A Bayesian 95 % credible interval does mean exactly what it says: P(θ ∈ CI | data) = 0.95. This is typically the more natural interpretation for practitioners.

Markov Chain Monte Carlo (MCMC)

For complex models where the posterior cannot be computed analytically, MCMC algorithms generate samples from the posterior. The Metropolis–Hastings algorithm proposes candidate θ′ from a proposal distribution q(θ′|θ), then accepts with probability min(1, [p(θ′|data) q(θ|θ′)] / [p(θ|data) q(θ′|θ)]). Over many iterations the chain converges to the target posterior. Modern variants (HMC, NUTS) use gradient information to propose more efficient moves in high-dimensional parameter spaces.

5. Markov Chains and Stationary Distributions

A discrete-time Markov chain is a sequence of random variables X0, X1, … with the Markov property: P(Xn+1=j | Xn=i, Xn−1, …, X0)  = Pij — the next state depends only on the current state.

Transition Matrix & Stationary Distribution

Transition matrix P: P_ij = P(X_{n+1}=j | X_n=i),  ∑_j P_ij = 1

n-step transition:  P^n_ij = P(X_n=j | X_0=i)   (matrix power)
Chapman-Kolmogorov: P^{m+n} = P^m · P^n

Stationary distribution π: π P = π,  ∑_i π_i = 1
  → solve (P^T − I) π^T = 0 subject to ∑π_i = 1

Detailed balance (for reversible chains): π_i P_ij = π_j P_ji
  → sufficient but not necessary for π to be stationary

PageRank

Google’s original PageRank algorithm (Brin & Page, 1998) models a random surfer on the web graph. At each page the surfer follows a random link with probability d (≈ 0.85) or teleports to a random page with probability 1−d. The stationary distribution of this Markov chain assigns higher probability to pages that are linked to by other high-probability pages. The ranking vector is the leading eigenvector of the modified adjacency matrix.

PageRank Power Iteration

PR_i = (1 − d)/N + d · ∑_{j→i} PR_j / L_j

  d   = damping factor (≈ 0.85)
  N   = total number of pages
  L_j = number of outbound links from page j

Iterated to convergence: start from uniform PR_i = 1/N
  Power iteration updates all PR simultaneously each step
  Convergence criterion: ||PR_{new} − PR_{old}||₁ < 10⁻⁶

6. Maximum Likelihood Estimation and Error Propagation

Maximum likelihood estimation (MLE) finds the parameter value θ̂ that makes the observed data most probable under the assumed model: θ̂ = arg max θ L(θ; x) where L(θ; x) = P(X=x; θ) is the likelihood function. In practice we maximise log L (the log-likelihood) for numerical stability.

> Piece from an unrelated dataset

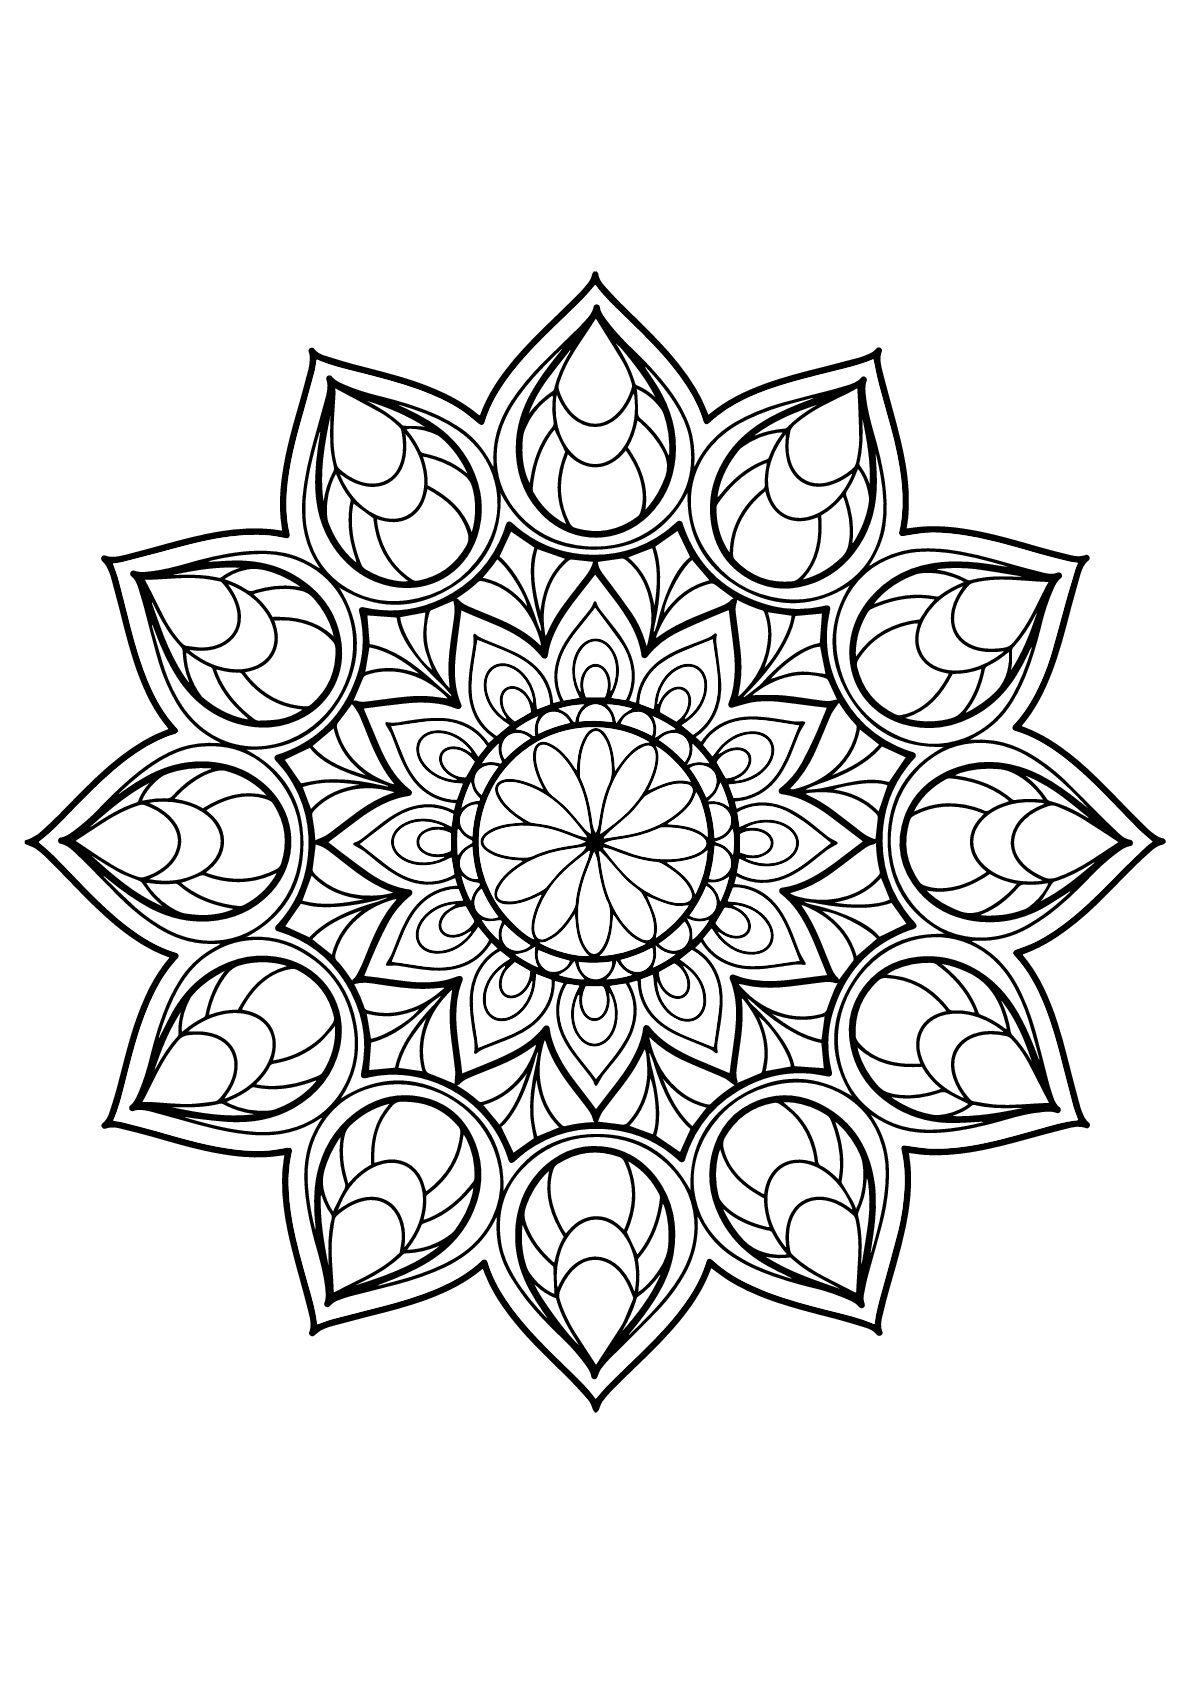 mandala coloring pages free printable mandala coloring pages getcoloringpagescom pages free printable coloring mandala

MLE, Fisher Information and Cramér–Rao Bound

Score function:  s(θ) = d/dθ log L(θ; x)
MLE condition:   s(θ̂) = 0

Fisher information: I(θ) = −E[d²/dθ² log L(θ)]
                           = E[s(θ)²]

Cramér–Rao bound:  Var(θ̂) ≥ 1/I(θ) / n
  → MLE is asymptotically efficient: Var(θ̂_MLE) → 1/I(θ)/n

Error propagation (delta method):
  If g(θ) is a smooth function of θ:
  Var(g(θ̂)) ≈ [g'(θ)]² · Var(θ̂)

Chi-squared goodness-of-fit:
  χ² = ∑_i (O_i − E_i)² / E_i,  df = bins − 1 − estimated params

MLE is the method of choice when the likelihood is tractable; it is consistent (converges to the true value as n→∞), asymptotically Normal, and achieves the Cramér–Rao bound under regularity conditions. When the likelihood is not tractable, Bayesian methods with conjugate priors or variational inference provide computationally accessible alternatives.

Statistics as Epistemic Infrastructure

From the birthday paradox (which surprises most people because human intuition greatly underestimates collision probabilities) to p-hacking and the replication crisis (which arise from misunderstanding what p-values mean), statistics has a reputation for being easy to misapply. The tools in this Spotlight — rigorous distribution theory, the CLT, careful hypothesis testing, Bayesian updating, and proper error propagation — are the antidote.

The interactive simulations let you watch the CLT convergence in real time with heavy-tailed parent distributions, explore how a Bayesian prior gets washed out by sufficient data, and build intuition for why more data always improves estimates at the rate √n. Statistical literacy is foundational to every quantitative discipline; these concepts appear in quantum measurement uncertainty, genomic association studies, gravitational-wave detection significance, and deep learning generalisation bounds alike.